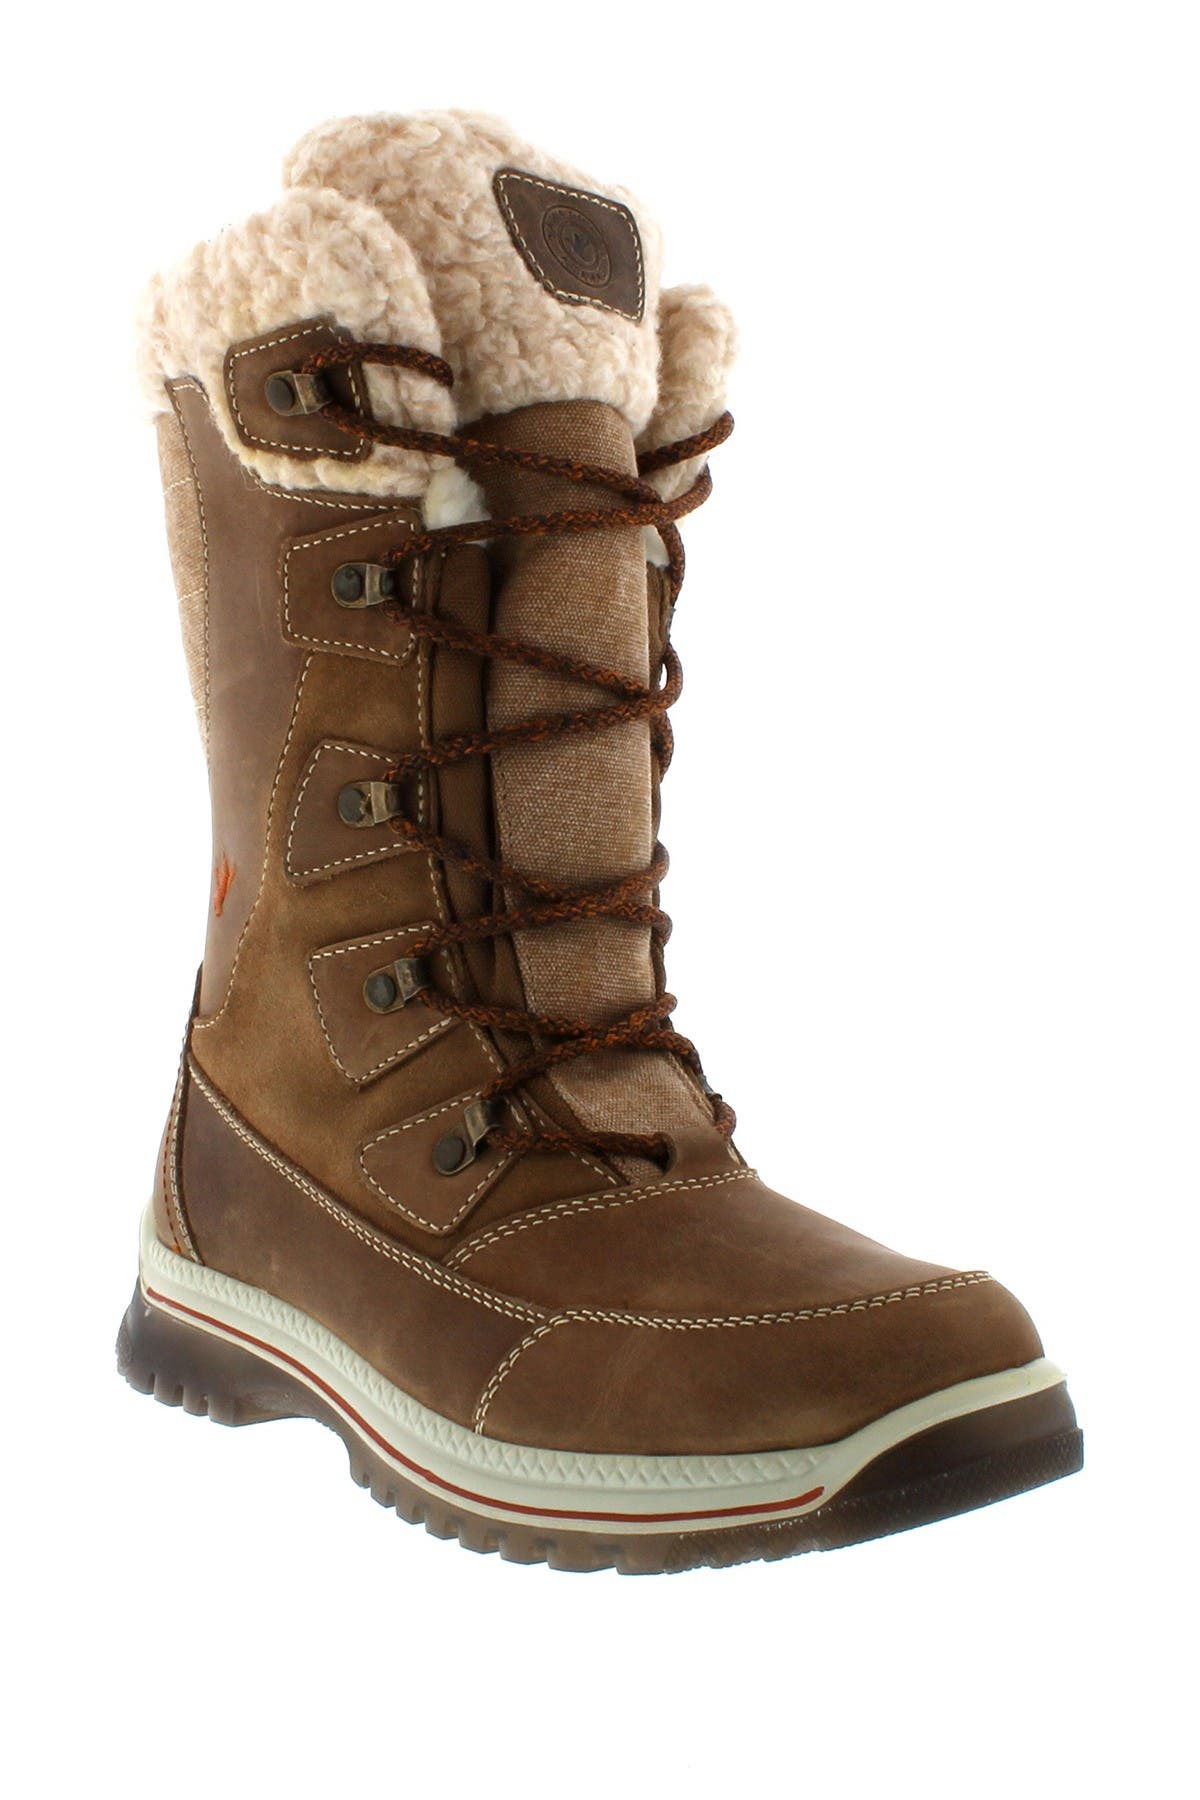 waterproof wool lined boots
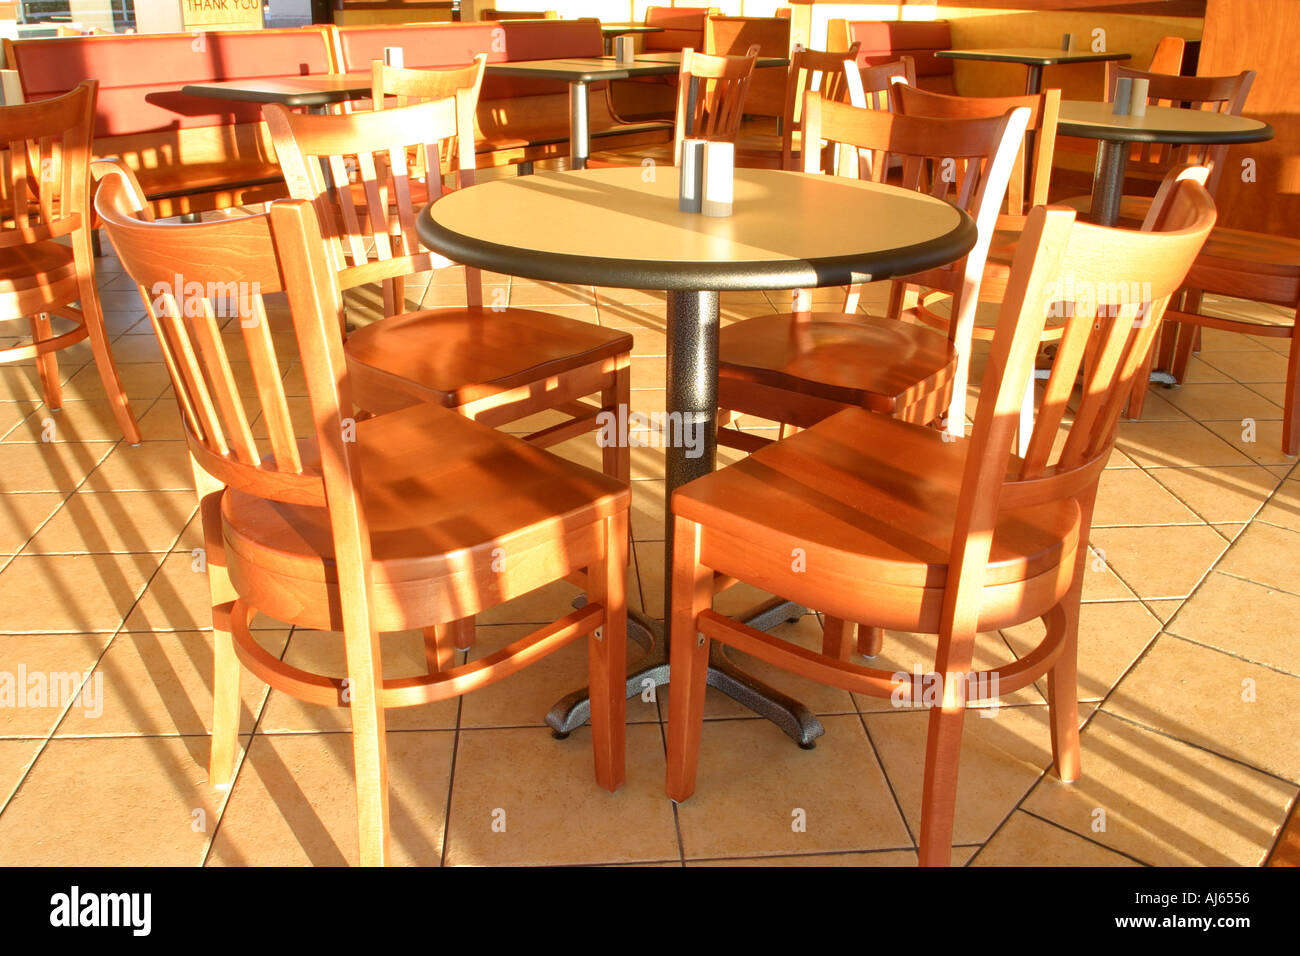 Table et chaises vides dans un restaurant Banque D'Images
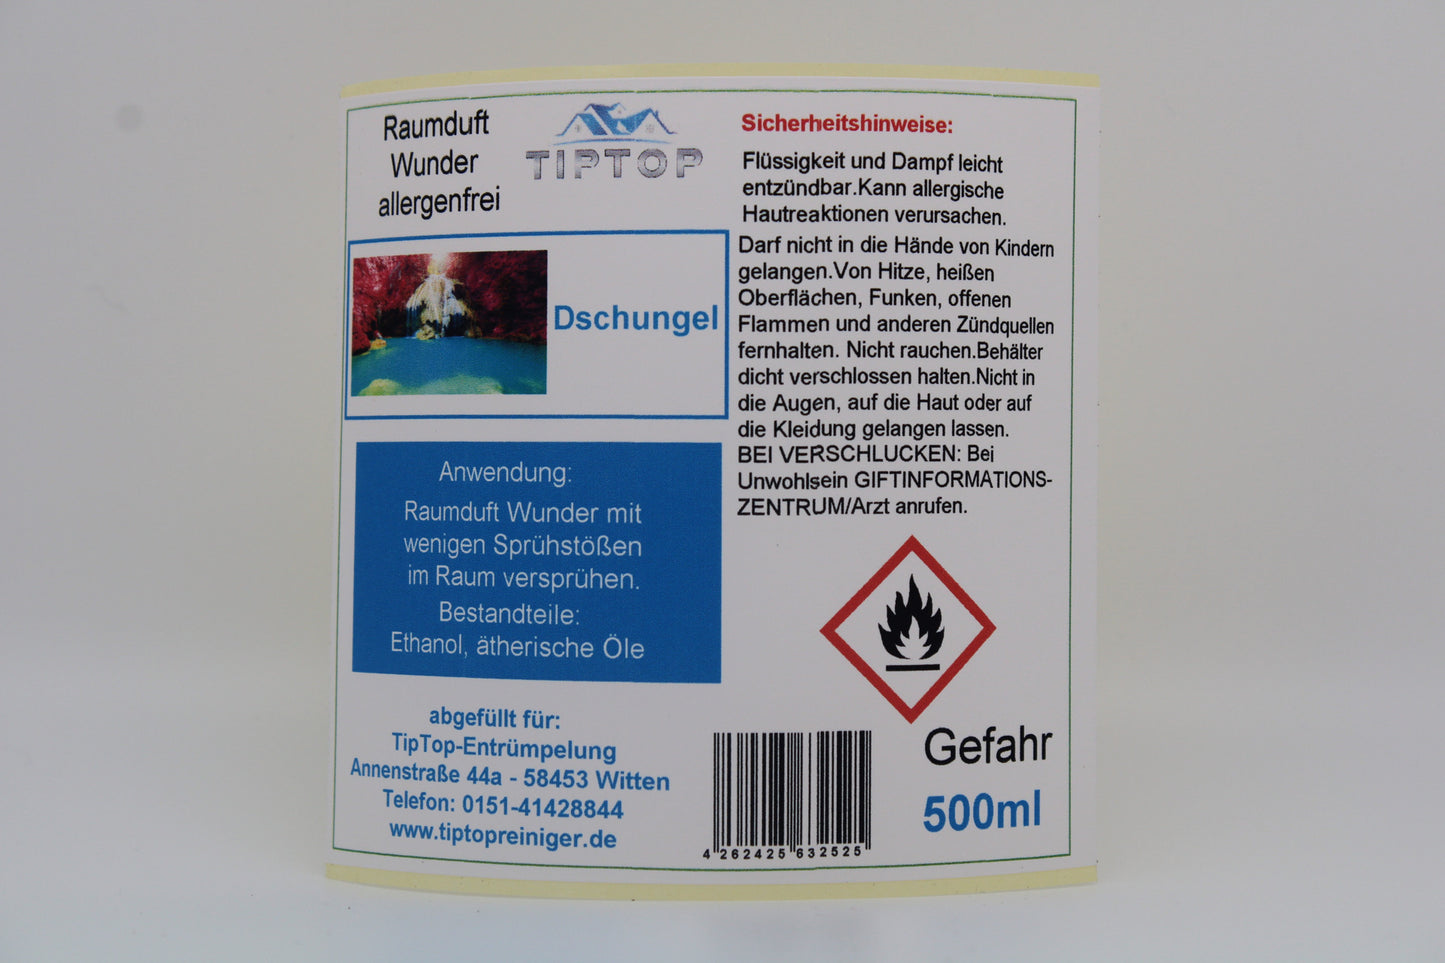 Raumduft-Wunder Allergenfrei - 500ml - mehrere Duftnoten zur Auswahl
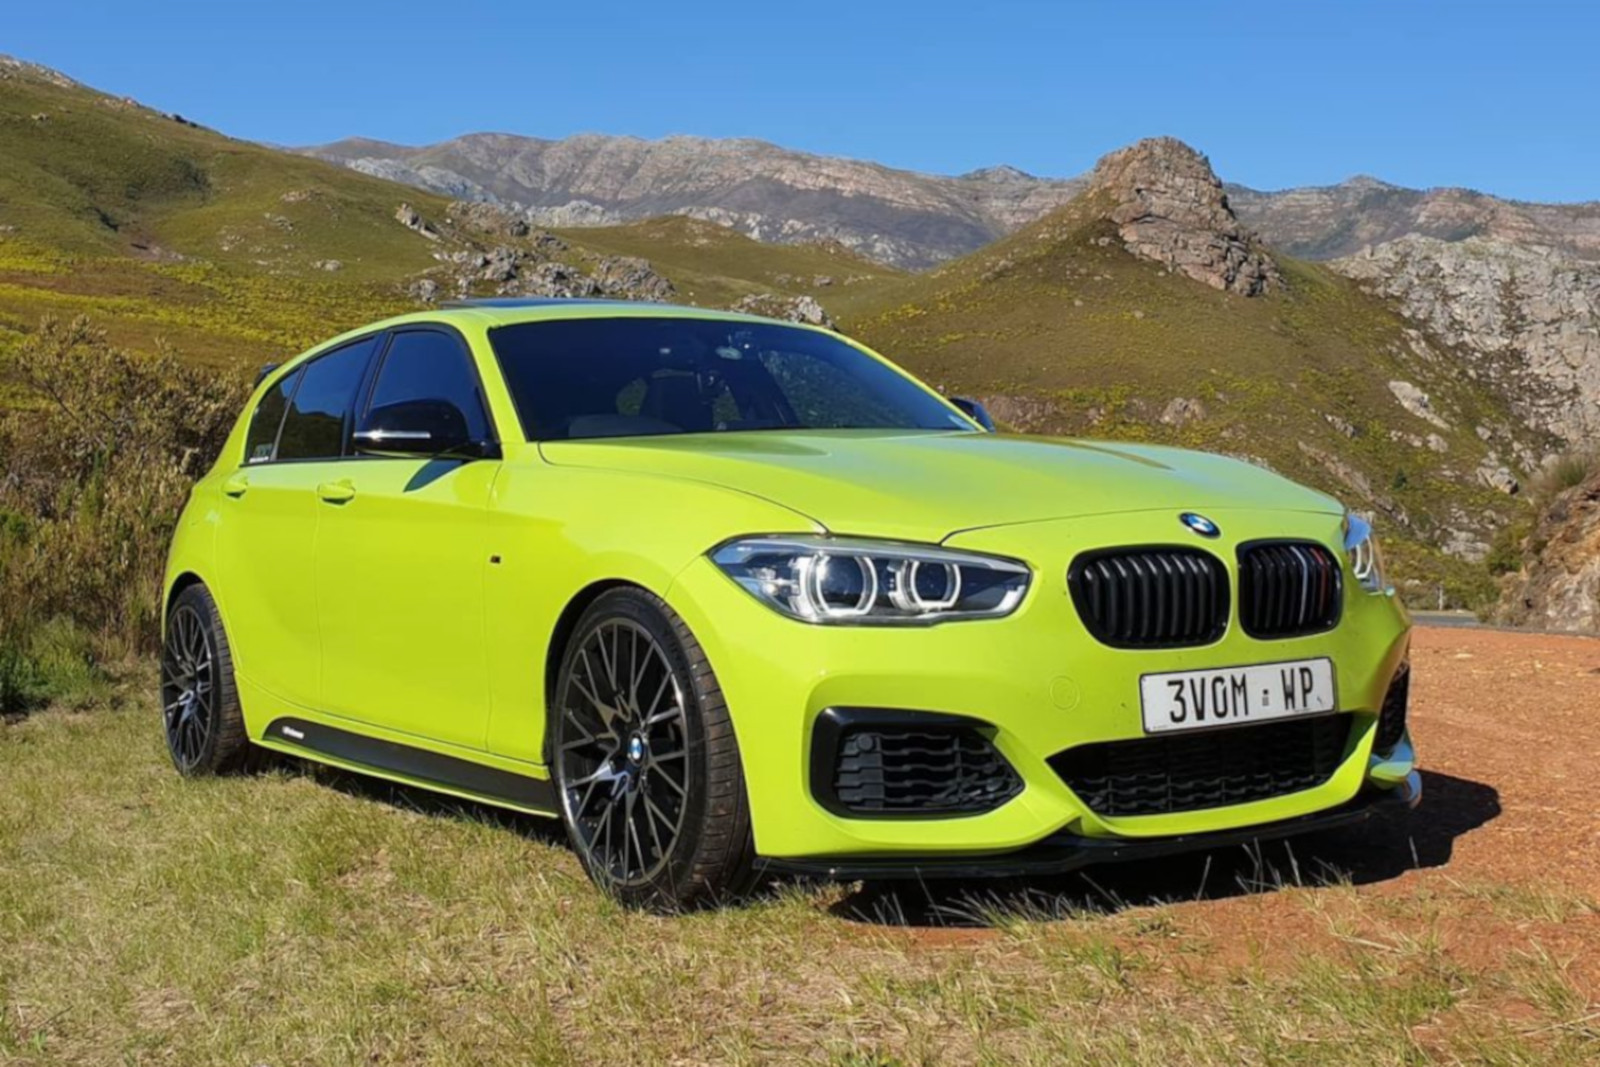 https://cdn.bimmertoday.de/wp-content/uploads/2020/12/BMW-1er-F20-LCI-Birch-Green-Folierung-t.jpg

Your assignment: What the reply must contain is an exact transcription of the data above and none of its pictures.

Written answer:
 waterproof wool lined boots
 Table et chaises vides dans un restaurant Banque D'Images
 Raumduft-Wunder Allergenfrei - 500ml - mehrere Duftnoten zur Auswahl
 https://cdn.bimmertoday.de/wp-content/uploads/2020/12/BMW-1er-F20-LCI-Birch-Green-Folierung-t.jpg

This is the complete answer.